Foto: Rude Mortensen

1. Te cansas de escuchar que “¡menudo acentiño tienes!” (por gente que intenta poner tu acento, claro).

Cada vez que alguien hace una broma con -iño, en el fondo del mar muere una futura mariscada.

2. O “¡no tienes nada de acento!”

Te quedas sin saber qué decir, miras a los lados y luego sonríes falsamente. ¿Se supone que tengo que tomármelo como un cumplido?

3. Descubres que el castellano es un idioma muy pobre.

¿Cómo puede vivir el resto de España sin pocillo, sin cucharón, sin colo y sin tantas palabras que tú siempre has creído que habían sido bendecidas por la RAE y que sirven para denominar tantas cosas?

4. Dejas de decir pota. ¿Para qué?

Tomas la decisión más o menos tras escuchar por vigésima vez a tus compañeros de piso tronchándose de risa cuando les invitas a comerse lo que queda en la pota… (Deberías dejar en realidad de invitarles a comer lo que sobra. No se lo merecen).

5. Descubres que hay una cocina gallega que no conoce ni tu abuela.

Sellarás el momento del descubrimiento algún día en algún bar, cuando llevado por la morriña pides algo que es “a la gallega” y descubres que “a la gallega” solo significa “algo que teníamos en la cocina bañado en kilos de pimentón”.

6. Y que las empanadas no son empanadas.

Al menos eso no es lo que tu abuela entiende por empanada…

7. Todo el mundo ha estado en un restaurante en algún lugar de Galicia en el que ha comido súper bien y súper barato.

Galicia tiene 29.575 km². Lamentablemente, querido interlocutor, es poco probable que uno haya estado en todos los restaurantes que hay.

8. Paco Martínez Soria se convierte en tu nuevo animal espiritual (no, no importa que él fuese aragonés).

Vale, no te traes a las gallinas contigo cuando vuelves de casa, pero de tu maleta empiezan a salir tuppers, huevos de la abuela, queso, un manojo de grelos, chorizos y todo lo que te ha dado tiempo a acumular durante un fin de semana.

9. Olvidas la buena vida que es en realidad ir de cañas.

Cuando vuelves a Galicia podrás sorprenderte y admirarte con que los bares compitan entre ellos por darte las mejores tapas con tus bebidas. ¡¡Gratis!!

10. Ganas alguna buena historia sobre el malvado transporte público que contar a tus amigos.

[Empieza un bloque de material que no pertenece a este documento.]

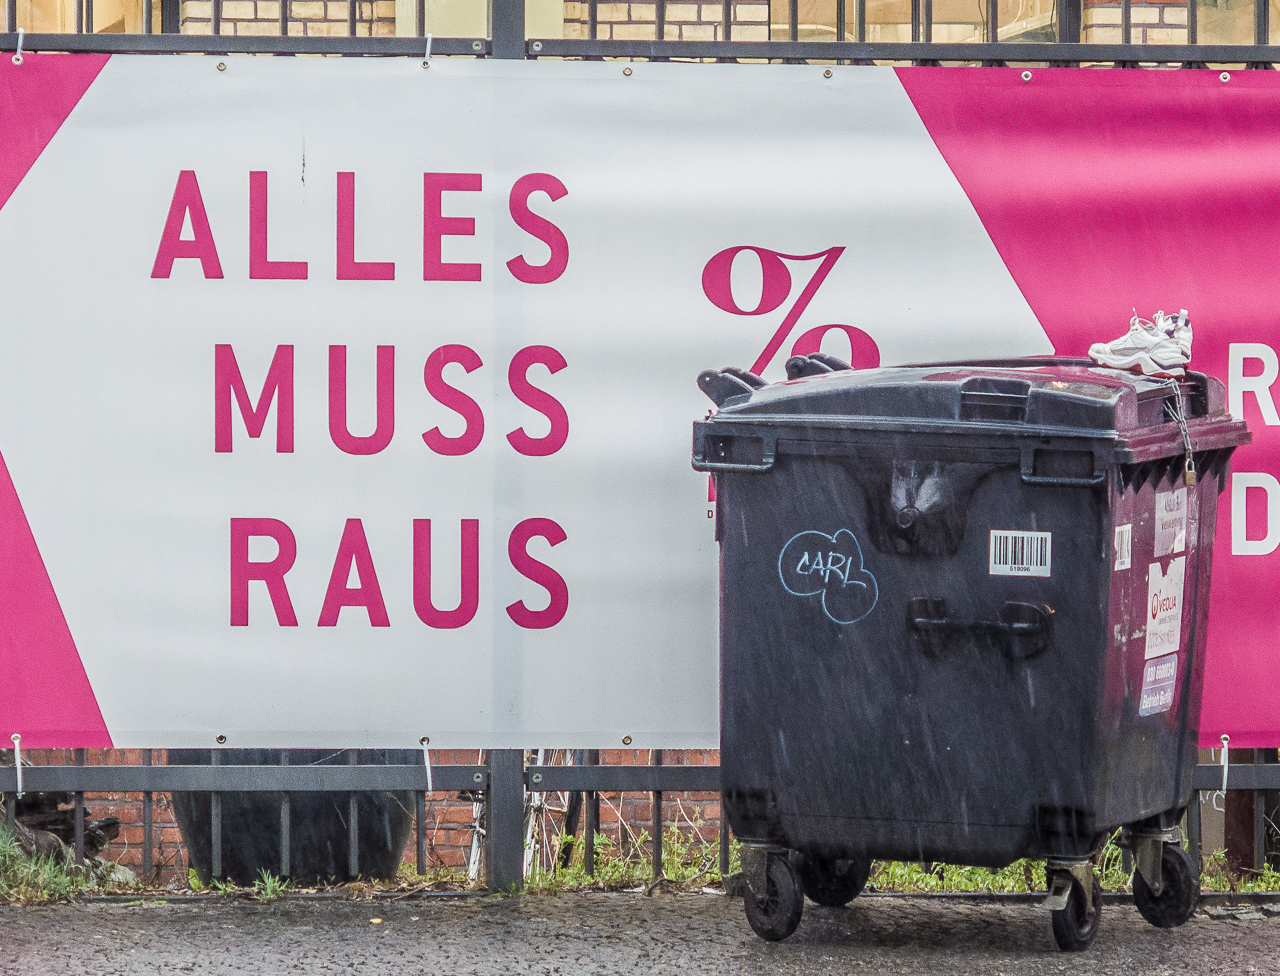 Weiß-pinkes Plakat "Alles muss raus", davor eine Mülltonne

Es un hecho: cuando se reúnen unos cuantos gallegos que viven en Madrid acabarán comparando Renfe, Alsa y Auto-Res y luchando por ser el que peor lo ha pasado en algún infernal viaje de millones de horas.

11. Echas de menos que llueva.

Esto ocurre más o menos el primer verano que pasas entero en Madrid, cuando descubres que es posible vivir a más de 40 grados y que en otros lugares del mundo en verano pueden pasar semanas sin que caiga una gota.

12. Y cuando lo hace te sientes superior a los demás.

No puedes evitarlo. Mientras caminas por la calle y ves a los nativos armándose un lío con los paraguas y tropezando unos con otros solo tienes dos opciones: o enfadarte porque no son capaces de usarlos bien (al fin y al cabo, no solo tropiezan entre ellos, sino que también tropiezan contigo) o aceptar que con el talento para llevar paraguas los días de lluvia solo se nace en Galicia.

13. Y lo peor… vuelves hablando madrileño.

Algún amigo te lo dirá, posiblemente después de que tú le expliques que no hay cúbrase aquí con la categoría favorita de cada quien como los de Madrid, que has empezado a hablar con acento madrileño. Entrarás en estado de negación y no te sentirás tranquilo hasta que de vuelta a Madrid alguien te vuelva a hacer una gracieta con iño.